Anatomy of THE Groove: “All Night Long” by Dexter Wansel

Dexter Wansel first became known to me as one of the Philly PIR team who worked on the 1976 debut album by the Jacksons. Being more broadly aware of the Philly soul sound now,Wansel seems to have a very different approach to music than Gamble & Huff and Thom Bell did. With disco era classics such as the Jones Girls “Nights Over Egypt” and “Keep On Dancing”,one of my favorite Jacksons’ songs off that Epic label debut,Dexter Wansel’s arrangements were based in his keyboard and guitar playing. Therefore his productions seem to have some of the funkiest bottoms of 70’s Phily funk and soul.

One thing Wansel also did was maintain a solo presence on PIR concurrent to his productions. One of these albums,which I never managed to pick up on vinyl despite seeing it all the time,was 1978’s Voyager. The album cover always stood out to me as a Trekker/sci fi admirer because of the prominent Star Trek model kit bash featured as some sort of robot riding through the desert. Through MP3 and YouTube,I’ve been fortunate enough to hear this album all the way through.And its an album that starts out with a funky bang with the jam “All Night Long”.
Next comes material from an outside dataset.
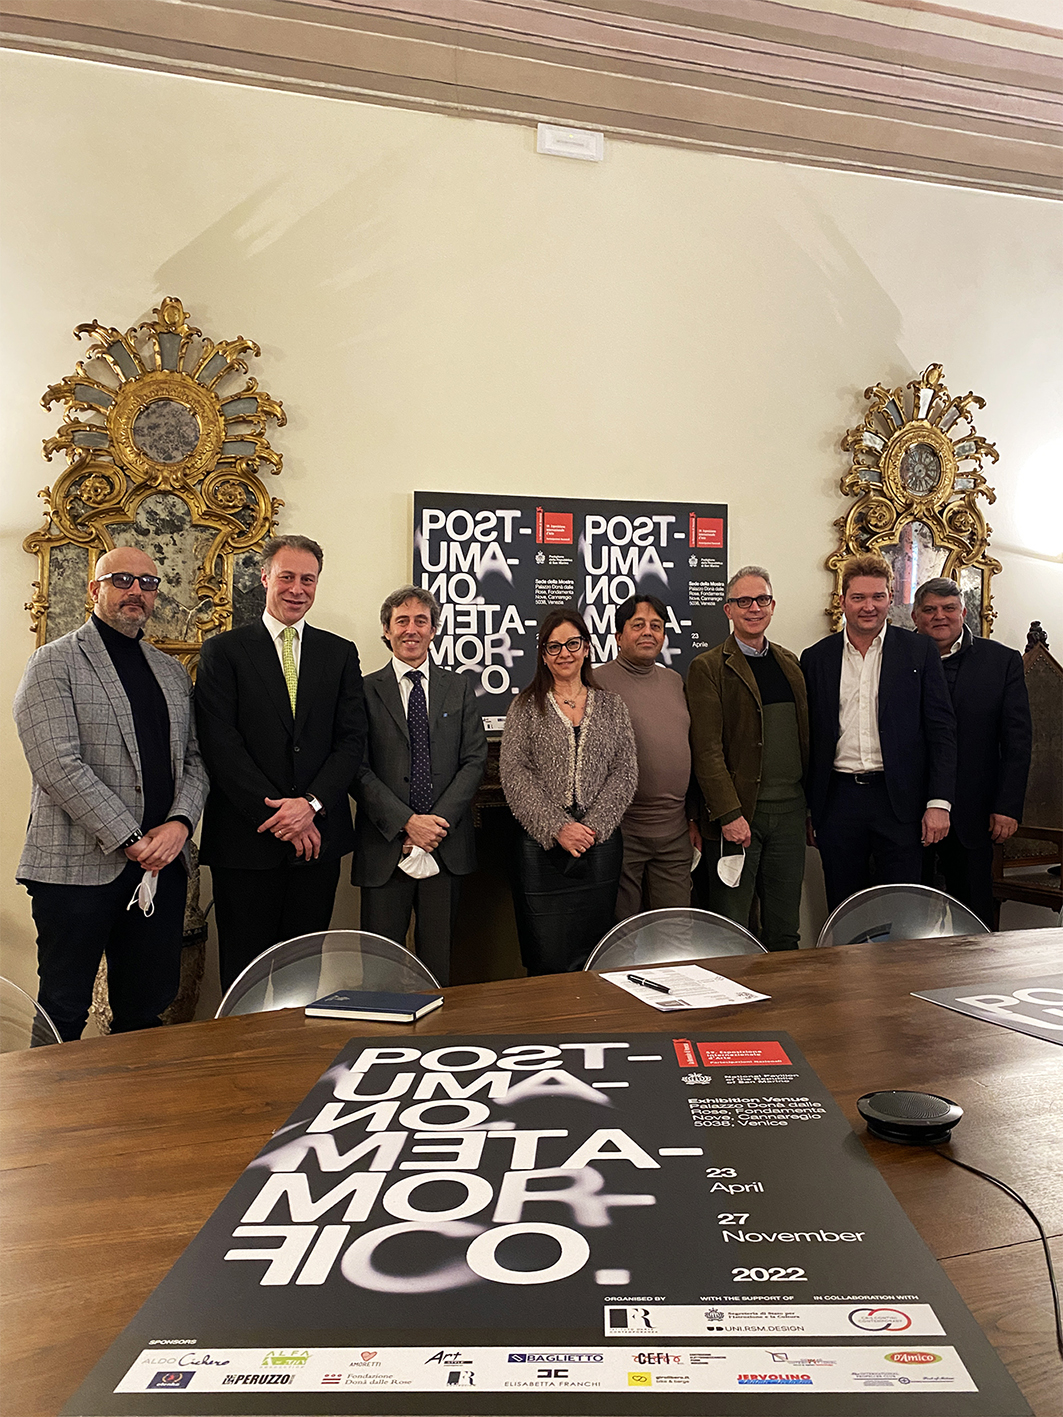 Presente anche la Repubblica di San Marino alla Biennale Arte di Venezia 2022

An otherworldly space funk Moog bass starts the song off. Then the drums come in playing a disco era friendly dance/funk beat. This is accompanied  by a mid toned rhythm guitar sustain,accenting horns and a SERIOUS slap bass thump. With the addition of an accompanying Fender Rhodes piano and Wansel’s falsetto/tenor vocal leaps this represents the choruses and refrains of the song. On the last part of the song,a major horn chart segues into a percussive,jumping beat over which a sassy,rocking blues guitar riffs with the phat slap bass and keyboard lines before scratching hard as the song closes out.
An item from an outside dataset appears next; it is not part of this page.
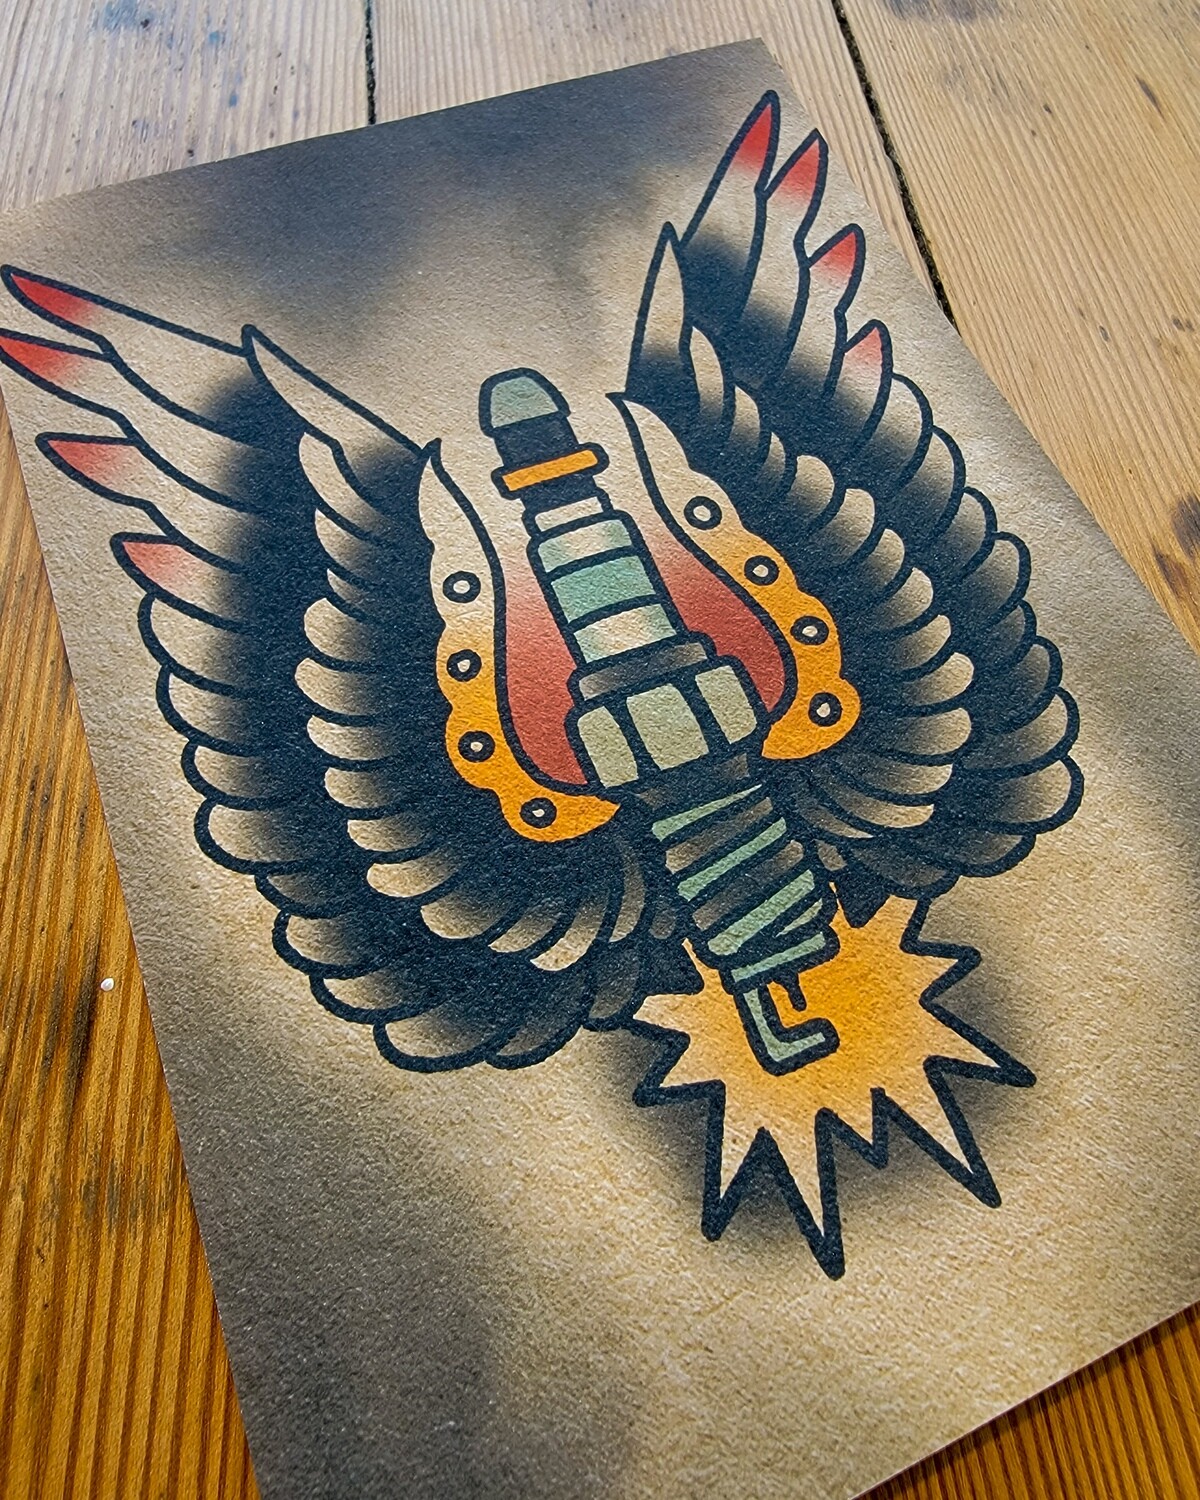 ROODBAARD tattoos and artwork

Without any hesitation, this is one of the hardest straight up funk jams to come out of the PIR camp. The beat has a swaggering,percussive shuffle. The keyboard/synthesizer parts are layered in a manner that lays somewhere between early 70’s “united funk” and mid/late 70’s space funk. And Wansel’s vocals (I’m pretty sure they’re his) have some of the slyly sexy attitude of his particular musical camp. Honestly I tend to think of Philly soul as the breezy,string laden proto disco sound of the 70’s. This helps showcase Dexter Wansel as a major player in the harder groove based element of the Philly sound.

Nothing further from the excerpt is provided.